Exercise data:
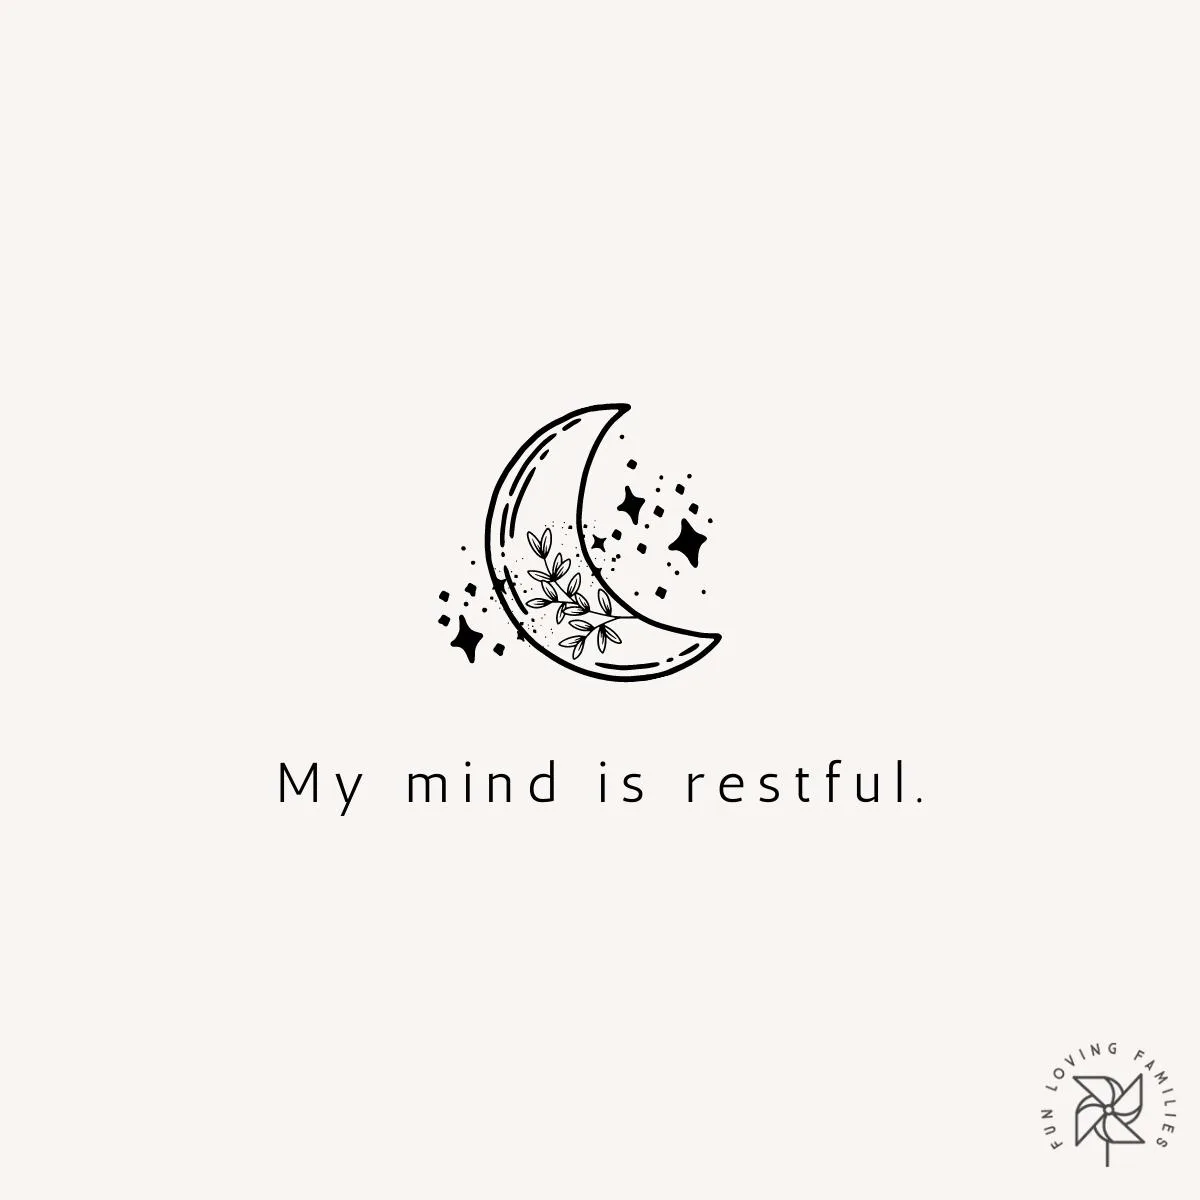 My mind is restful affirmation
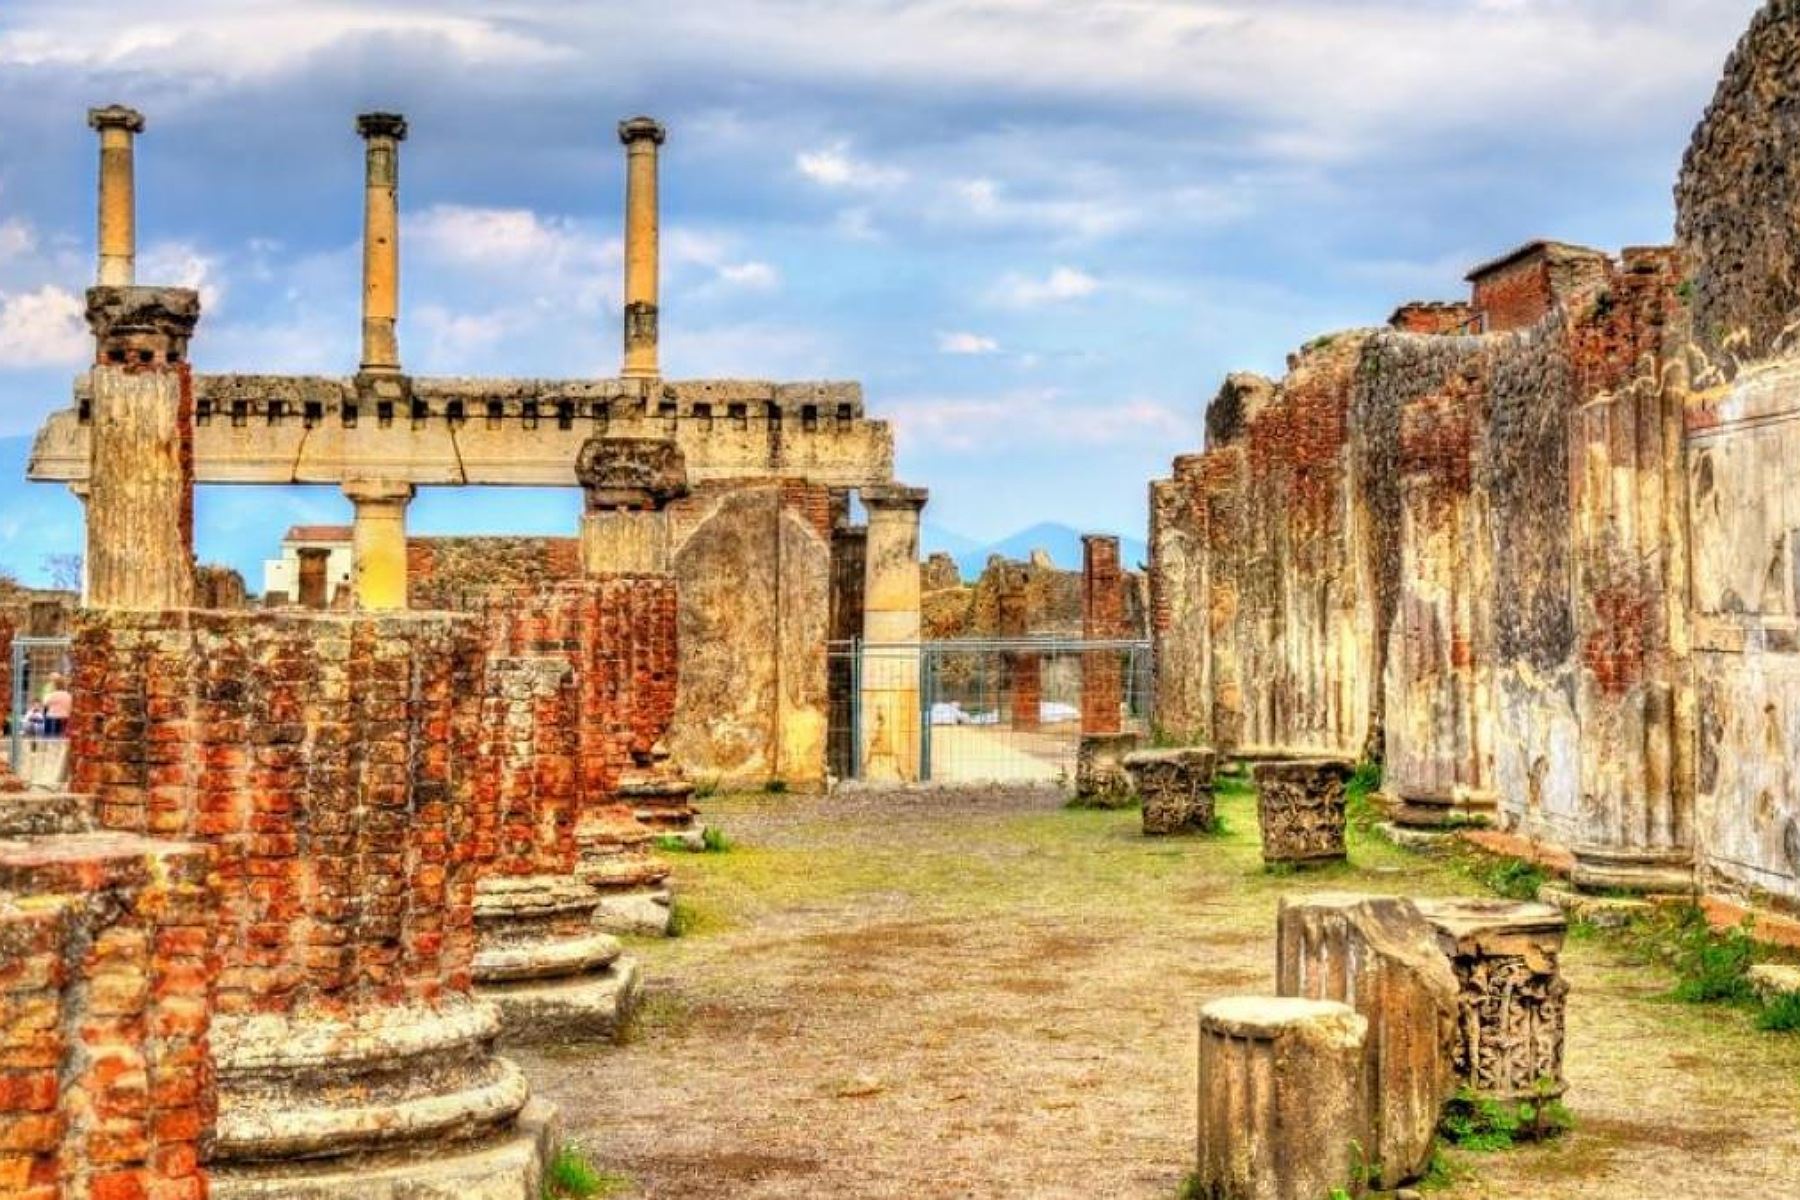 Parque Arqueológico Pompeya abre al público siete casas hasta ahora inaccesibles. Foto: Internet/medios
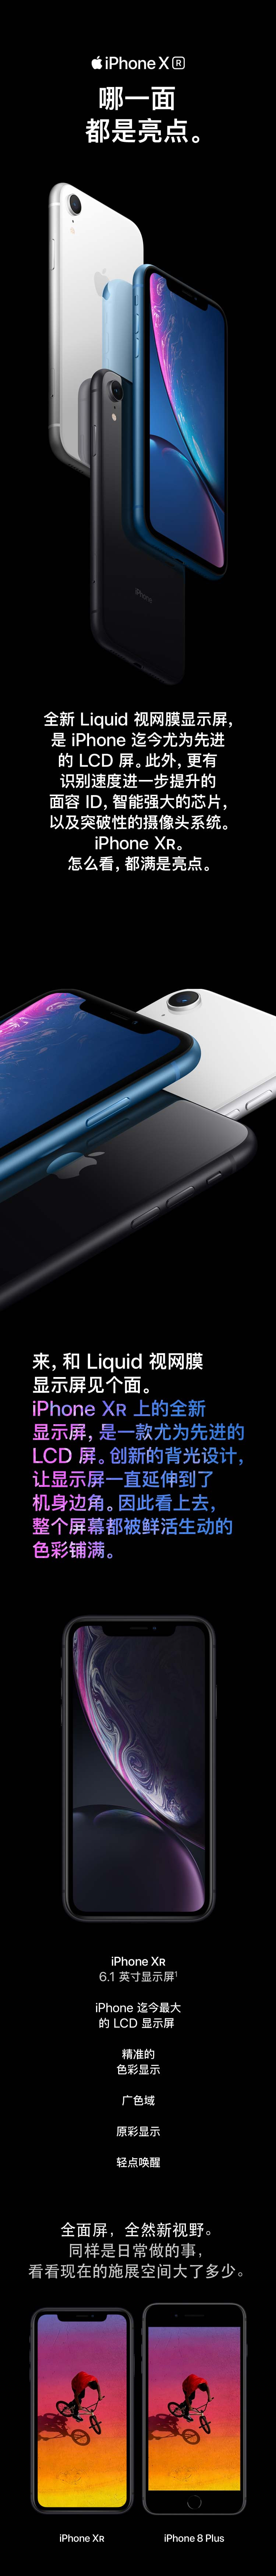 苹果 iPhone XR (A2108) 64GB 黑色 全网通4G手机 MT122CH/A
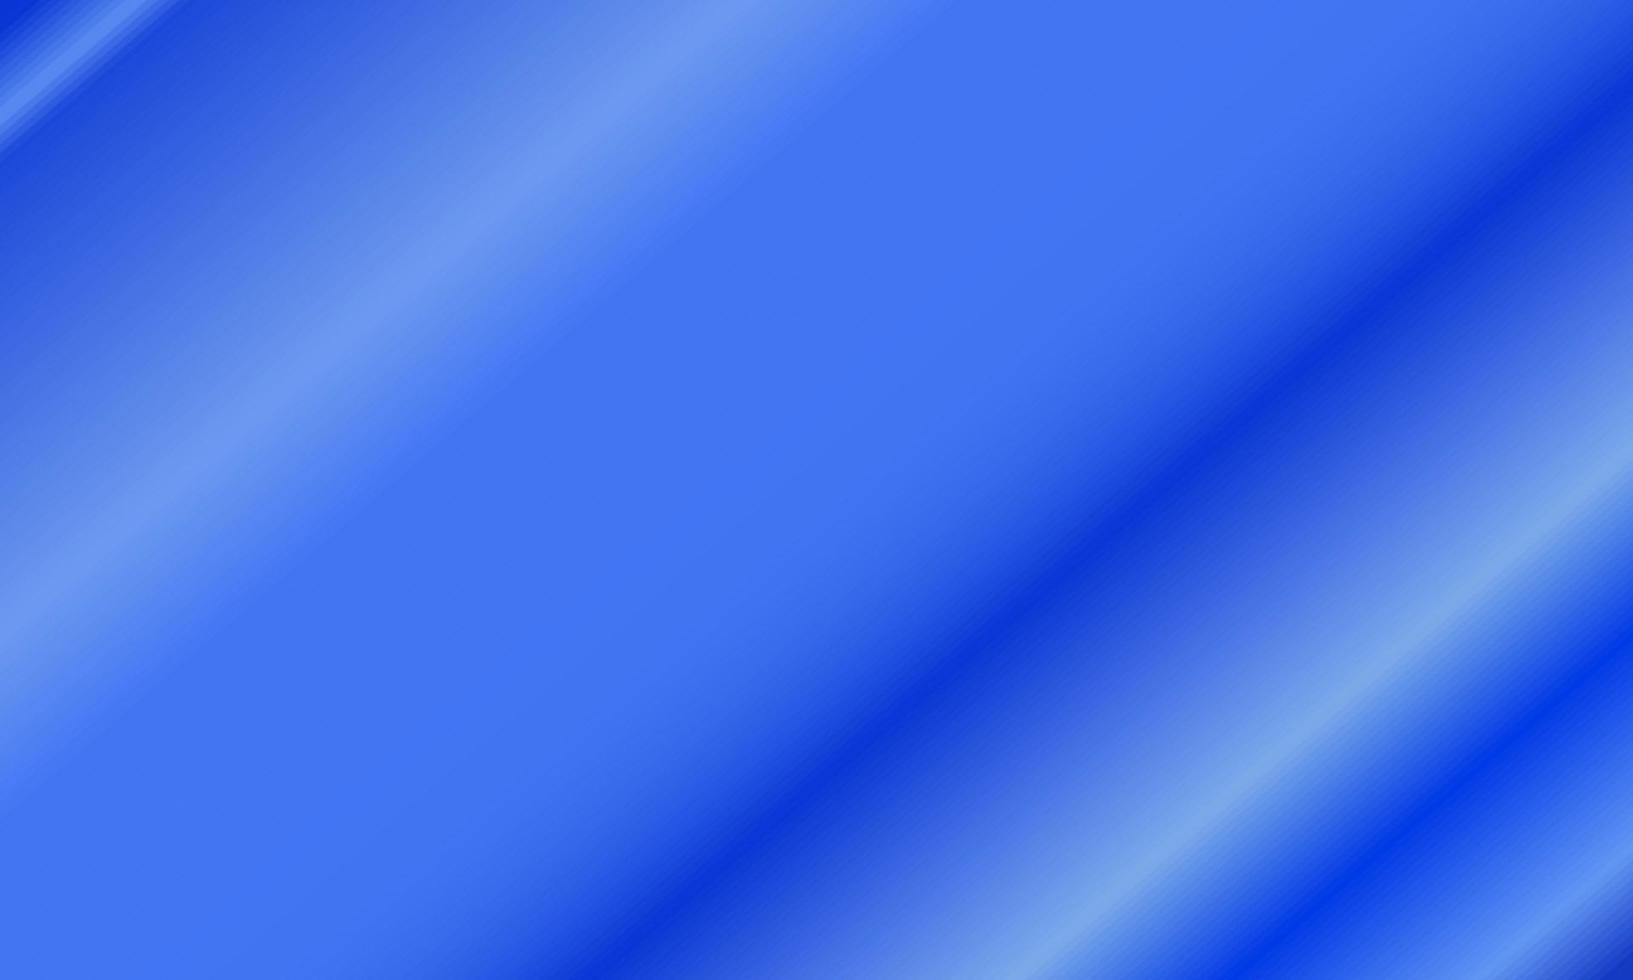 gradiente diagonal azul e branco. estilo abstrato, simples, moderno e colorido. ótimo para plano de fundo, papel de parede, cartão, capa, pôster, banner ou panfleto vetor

Aim of the task: The required output is the lines from the one containing "苹果 iPhone XR" through the end of the data, printed exactly, with no pictures.

Finished exercise:
 苹果 iPhone XR (A2108) 64GB 黑色 全网通4G手机 MT122CH/A
 gradiente diagonal azul e branco. estilo abstrato, simples, moderno e colorido. ótimo para plano de fundo, papel de parede, cartão, capa, pôster, banner ou panfleto vetor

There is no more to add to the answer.